По заказам детских издательств Булатов работал вместе с Олегом Васильевым. У Эрика получился особый почерк, совсем не похожий на почерк его взрослых работ, в отличие от Ильи Кабакова, узнаваемого во взрослых работах как детский художник и наоборот. Почерк «взрослых» работ Эрика и Олега был не особо узнаваем в «детских». Насколько я знаю из наших с ними разговоров, этот род занятий они не любили, он их тяготил, они им занимались, потому что нужно было деньги зарабатывать, семьи кормить.

Помню один эпизод: зашел к ним просто так и увидел их вдвоем, голых по пояс, потому что была жара, и жутко чем-то недовольных, раздраженных. Говорю: «Я, наверное, некстати», – они отвечают: «Ладно уж, раз пришел, давай мы чаю попьем и потом продолжим работу». У них приближался срок сдачи, а они постоянно все делали в последний момент. Эрик сказал: «С одной стороны, я понимаю, надо делать, это наша работа, нам за это платят, но мой внутренний Эрик Булатов все равно не может понять, почему именно сейчас, именно на этом листе я должен рисовать зайца!» Тем не менее они рисовали своих зайцев…
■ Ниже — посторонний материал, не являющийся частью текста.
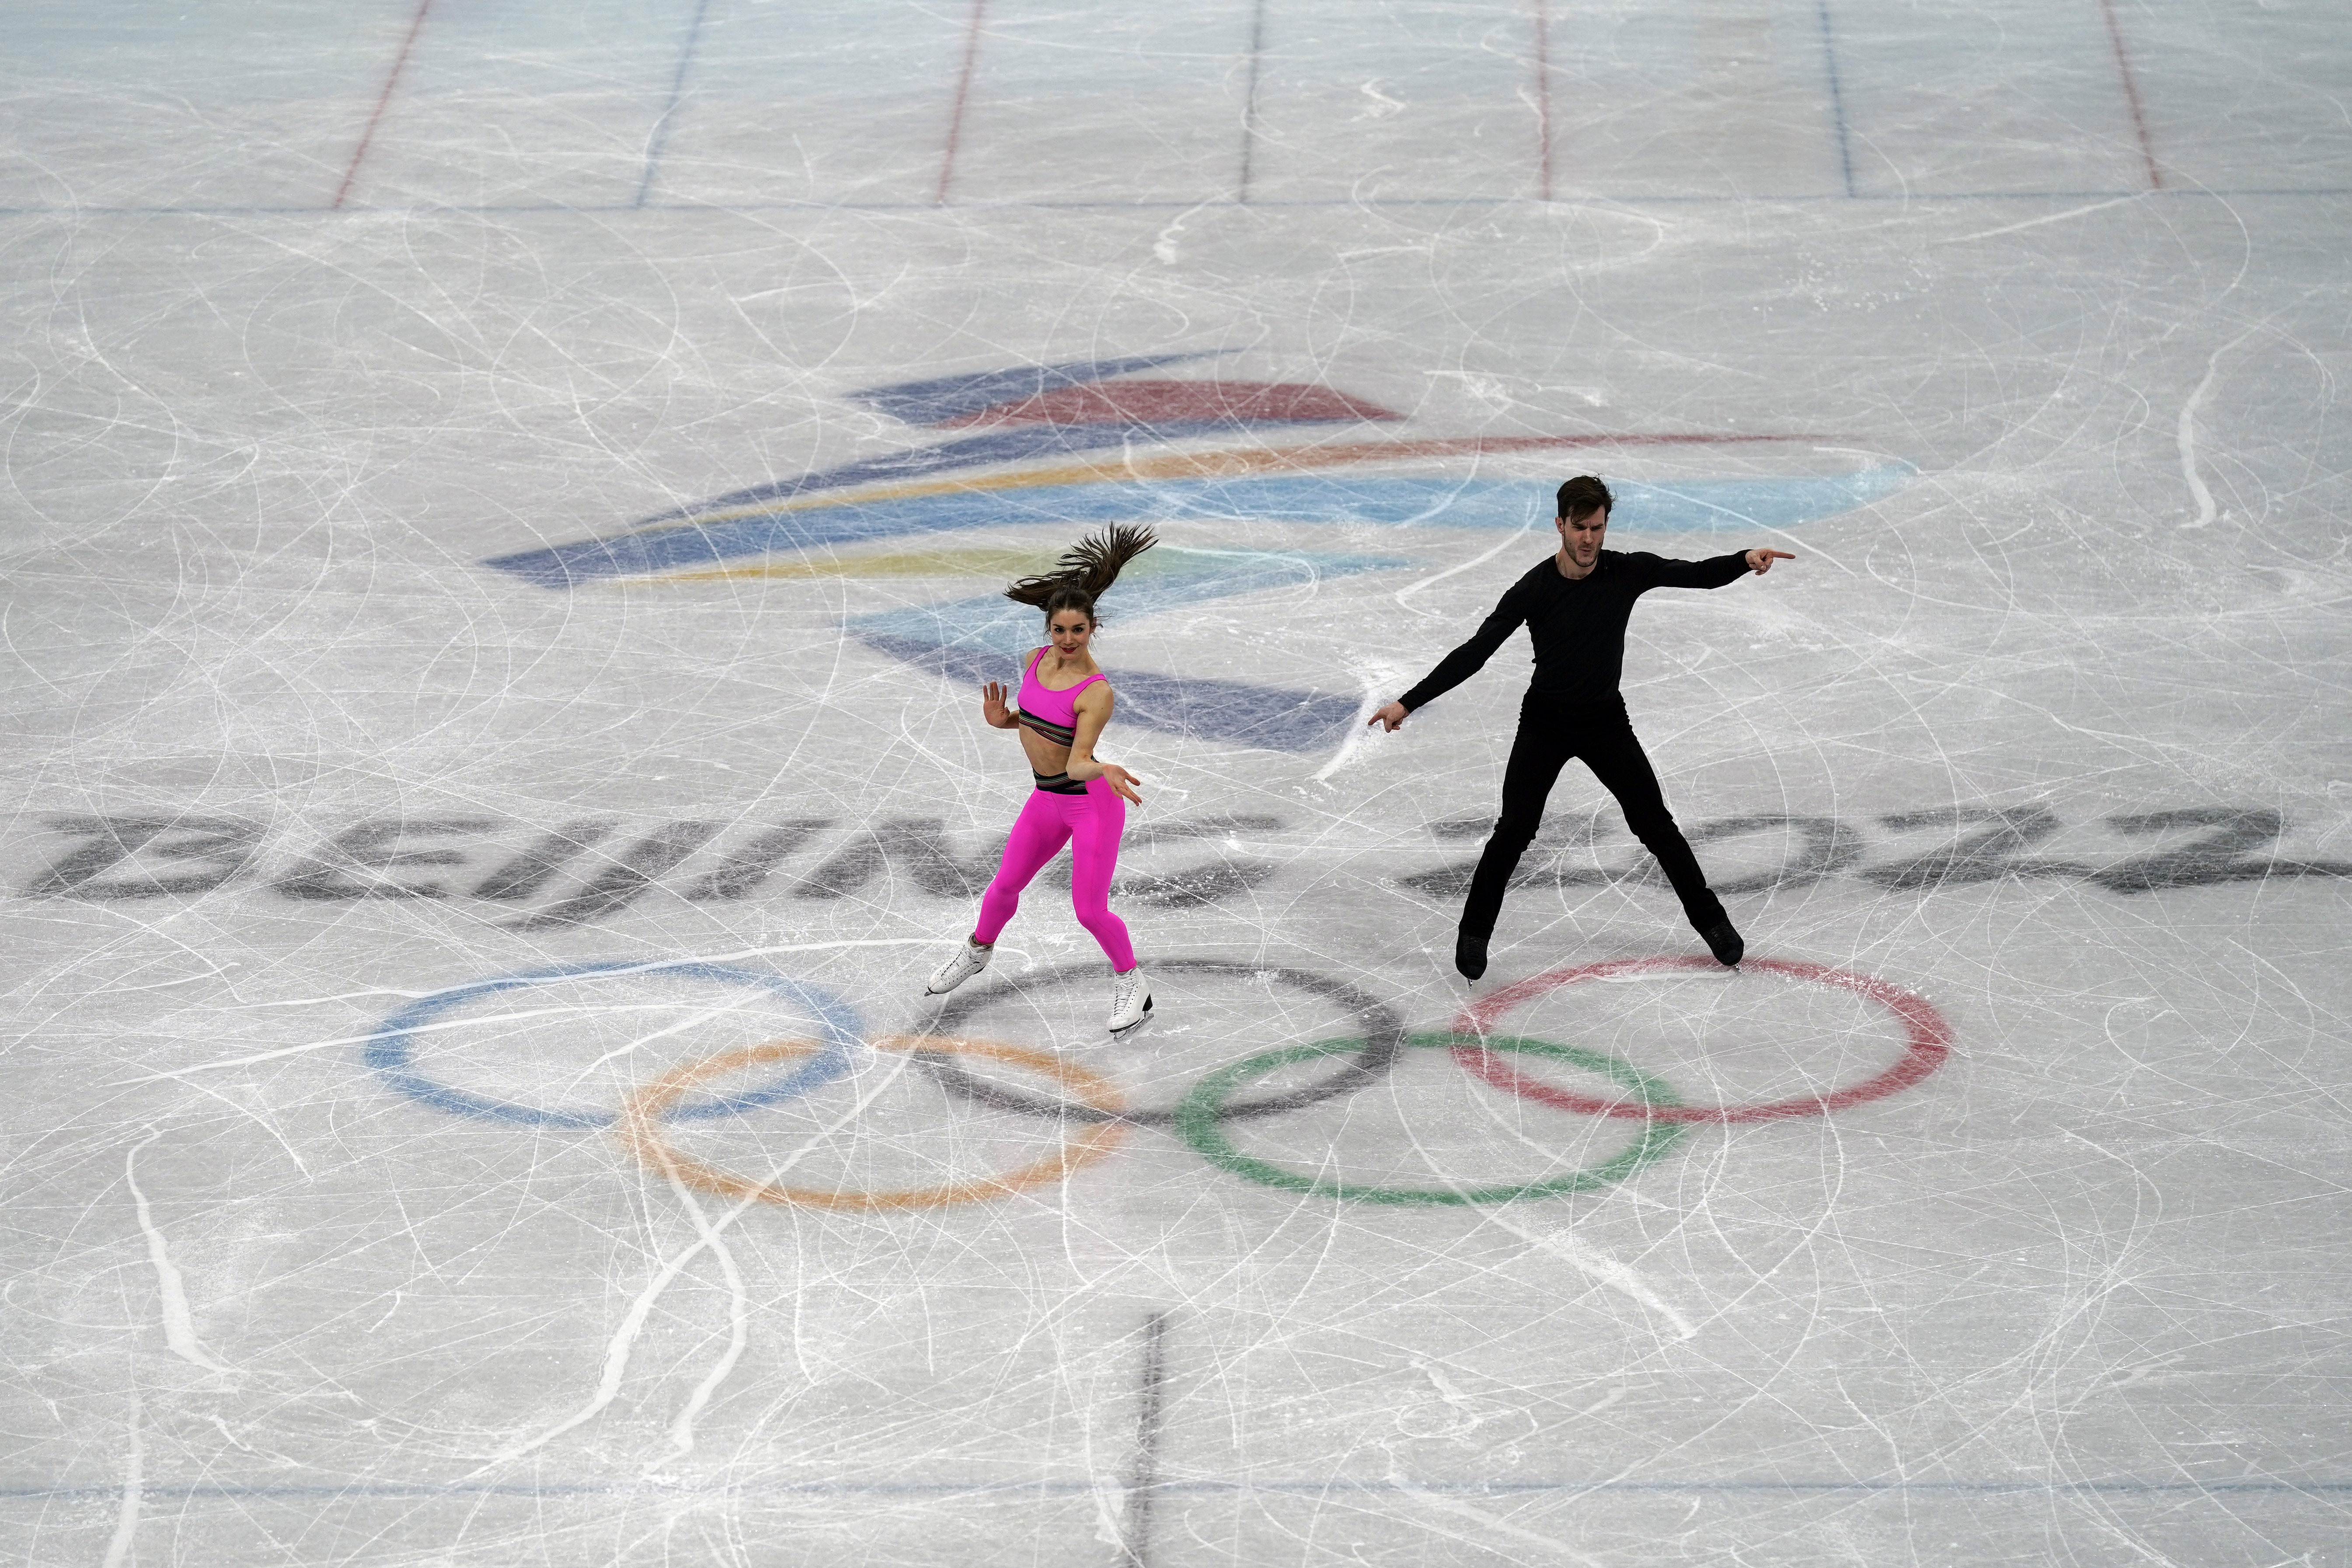 Winter Olympics figure skating schedule Live stream, start time, TV channel, how to watch

С другой стороны, если совсем через силу, то не получались бы такие хорошие иллюстрации, они все равно вкладывались, это было заметно. Илья Кабаков работал по-другому: легко, по ощущению тяп-ляп, очень быстро, но тоже очень здорово. Пивоваров – тот и вовсе был выдающимся детским иллюстратором.

Эрик такой суховатый, худощавый, поначалу с серьезным лицом, а потом начинал улыбаться и замечательно смеяться. Вроде бы строгий по первому впечатлению, а потом – очень теплый и дружелюбный. Олег был сразу дружелюбный, что называется, лапочка. Эрик лапочкой не был. Более того, он мог и сказать (не мне) что-нибудь эдакое. Один раз привели к нему искусствоведа, духовно настроенного. Он стал Эрика воспитывать: «Такое ощущение, что вашей рукой водит сам дьявол», – на что Эрик ответил: «Ой, вы знаете, по-моему, вы просто дурак» – прямо в лоб. Он-то думал, что Эрик ему будет как-нибудь возражать в искусствоведческих терминах, а тот его просто назвал дураком, и абсолютно правильно: поставил диагноз мгновенно. Эрик мог и так, хотя он джентльмен во всем.

Лев РУБИНШТЕЙН,

поэт

Классик

Смотрю на рисунок острова на стене в моей московской квартире и вспоминаю, как Эрик Булатов рассказывал мне, что он в Италии или на Кипре, точно не помню, увидев остров, скрывающийся в тумане, сразу вспомнил меня, мой проект «Майя. Потерянный остров» и нарисовал! Это воспоминание вызывает теплое чувство, а рисунок на стене от такого замечательного художника – гордость!

Рисунок в основе всего, а Эрик – лучший рисовальщик… Когда я работал во Франции в резиденции «Ателье Кальдера», Эрик с Наташей приехали на Луару, и мы провели несколько дней вместе. И я помню, как женщины готовили завтрак, а Эрик выходил на простор и увлеченно рисовал. Потом долгие сидения с бутылкой луарского вина и неспешные разговоры об искусстве. Мне всегда очень интересны его суждения, да и Эрик их художественно и внятно излагает.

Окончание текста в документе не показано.